EDITORIAL: Lying Dudu Myeni raises stakes for directors
Myeni will be remembered for something positive at least: a legal precedent which will shake up SA’s corporate governance landscape
It came as no surprise that judge Ronel Tolmay declared serial incompetent Dudu Myeni a delinquent director last week. It’s clear from the 114-page ruling that Myeni shouldn’t be trusted with running a school tuck shop, unless you’re OK with the kids going hungry and the cash float growing legs.
While you can’t blame Myeni entirely for SAA’s crash, Tolmay said her dishonesty "surely contributed significantly to the position SAA and the economy finds itself in today".
Not only did Myeni "sabotage" a deal with Emirates that would have brought in R1.5bn a year, she also nearly collapsed a deal in 2015 for SAA to swap Airbus aircraft that, had it failed, would have torpedoed the airline five years ago.
Tolmay said Myeni was "dishonest and unreliable", her answers in court were "confusing" and "incomprehensible", and her evidence was, in at least one respect, "clearly untrue". As a director, she exhibited "a gross lack of care", acted recklessly and breached her fiduciary duty.
Myeni’s response only underscored this impression of her character: "I am not the first or the last black person to be attacked in this way by agents of the colonial project," she said.

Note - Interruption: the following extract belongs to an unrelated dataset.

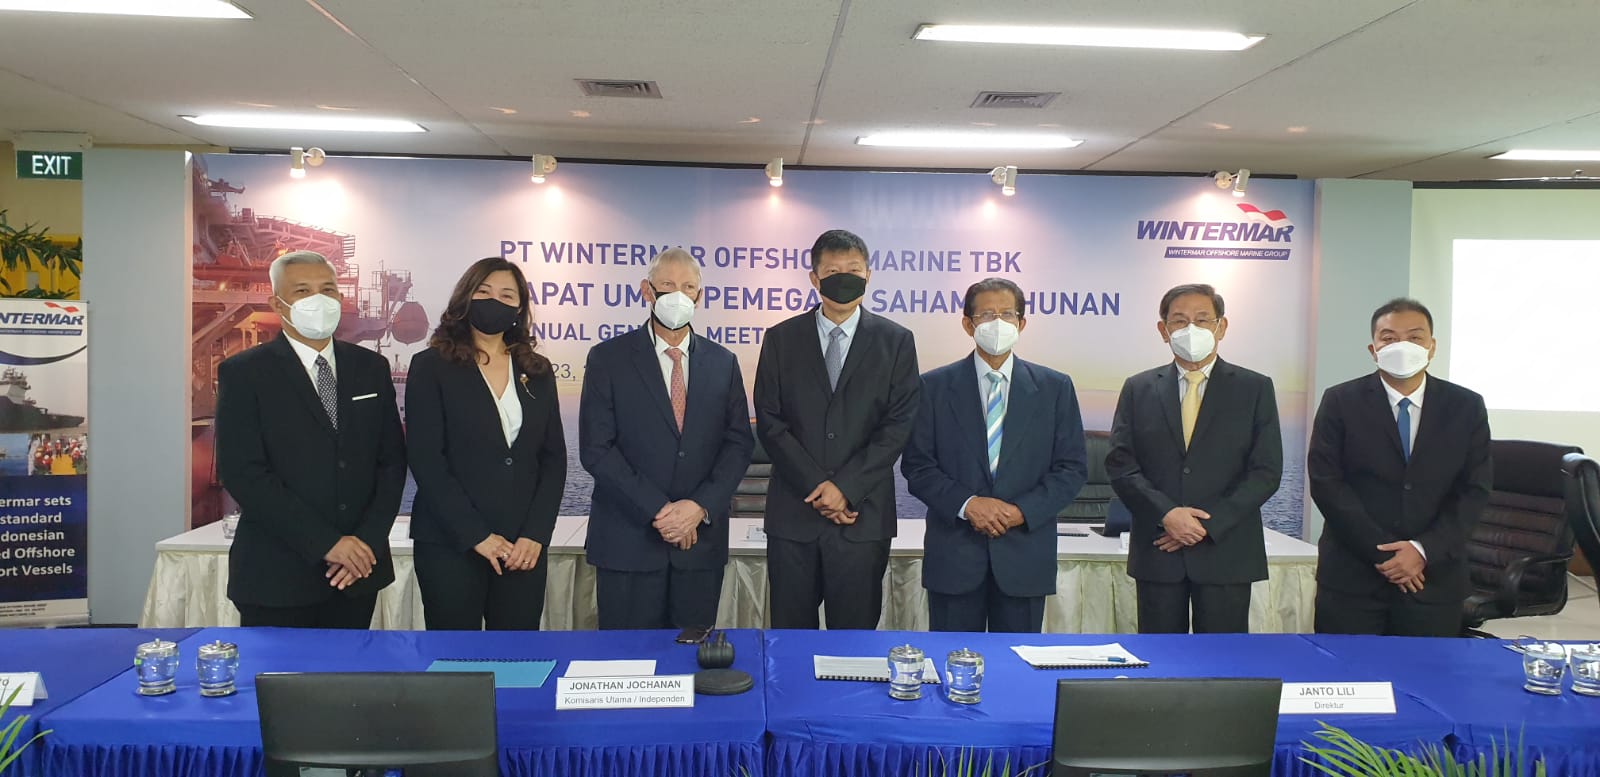 Wintermar successfully concluded the Annual General Meeting of Shareholders on 23 June 2022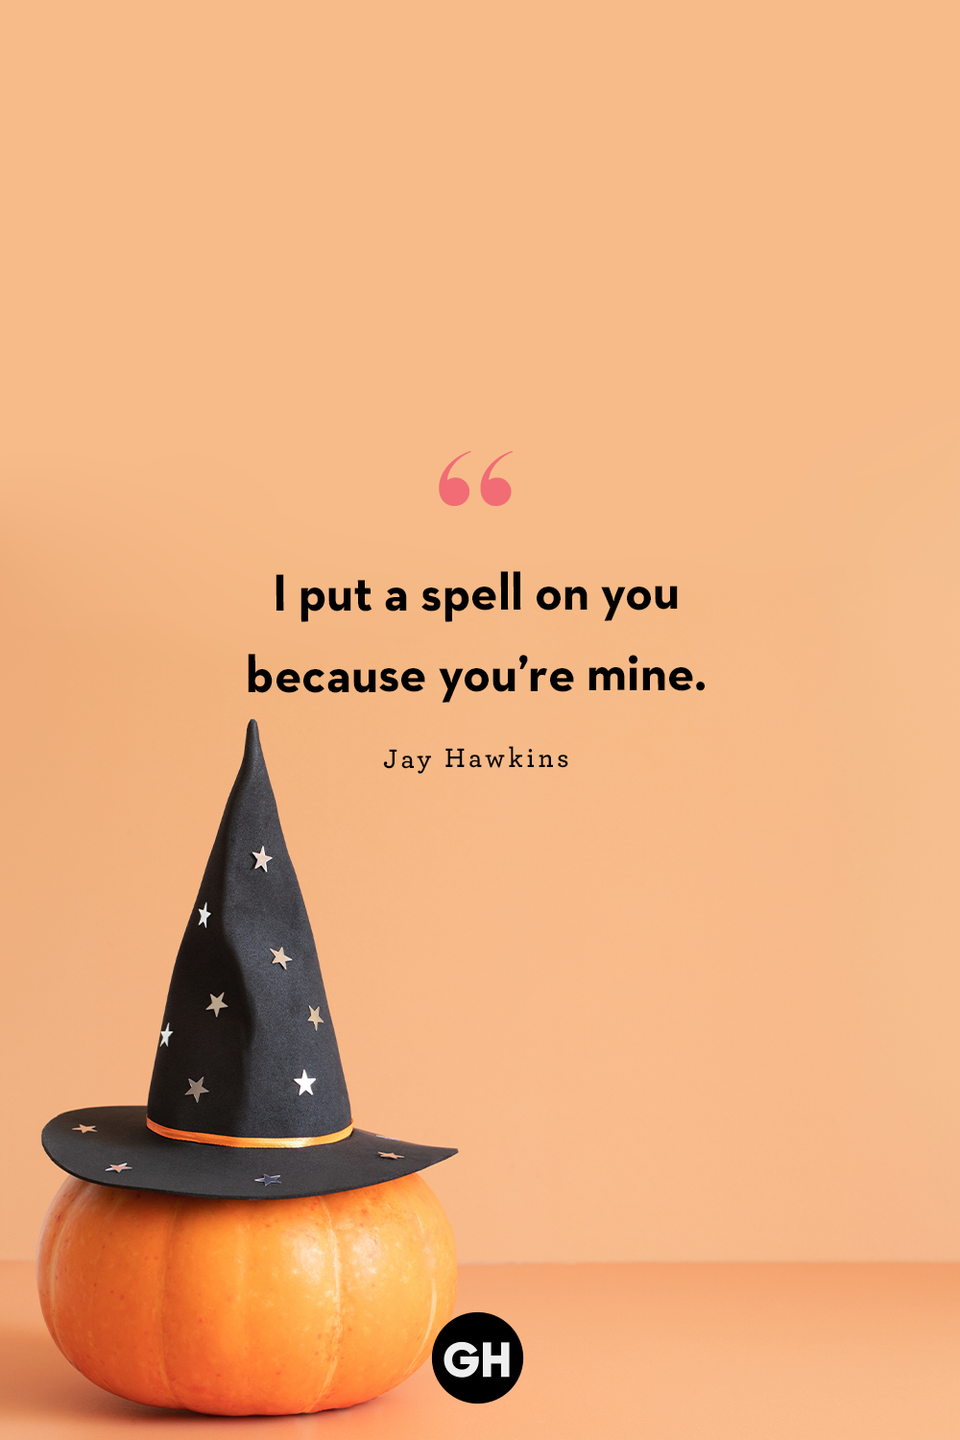 <p>“I put a spell on you because you’re mine."</p>

But while Myeni may well be the worst person to sit at the head of a boardroom table in SA, she will be remembered for something positive at least: a legal precedent which will shake up SA’s corporate governance landscape.
First, the finding is important since it’s the most stringent ruling yet against a director. The law allows a court to ban someone for more than seven years — but in this case, so awful was Myeni that she has been banned for life. Second, it was the Organisation Undoing Tax Abuse (Outa) which launched the action alongside the SAA Pilots Association, rather than shareholders.
Prof Michael Katz, the chair of law firm ENSafrica, who helped draft the Companies Act, says: "For the first time, the court recognised that people acting in the public interest, in this case Outa, were allowed to bring the action under section 157 of the Companies Act, rather than just limiting it to shareholders and trade unions under section 162." Ansie Ramalho, a former CEO of the Institute of Directors SA, says this will hopefully usher in a new era of accountability. "There is nowhere left for delinquent directors to hide. Traditionally, only shareholders had the power to hold directors to account," she says.
Mervyn King, who gave his name to SA’s governance codes, also welcomed the judgment. "Whether a company is seen to be a good corporate citizen depends on the conduct and conscience of its corporate leaders … on the evidence, Dudu Myeni was not a conscientious leader."
If Myeni doesn’t overturn it, Werksmans attorney Eric Levenstein said it "will be the lead judgment for some time to come on delinquency".
Still, there’s scope to push for greater accountability using the law.
Katz argues that it’s disappointing that boards and shareholders don’t take it a step further by suing errant directors for loss, as they’re entitled to.
"I’m more keen on actions to recover loss than just declaring someone delinquent, as many of the delinquents aren’t on boards anymore. But what isn’t happening is that they’re now being forced to pay for the loss they caused," he says.
When that starts happening, we’ll have the beginning of true corporate accountability.
Finally, there was a warning to the ANC too in the ruling. Tolmay said: "To serve on a board of an SOE [state-owned enterprise] should not be the privilege of the politically connected. [The] government has … an obligation to ensure that suitably qualified people with integrity are appointed."
It’s a lesson the ANC ought to take to heart.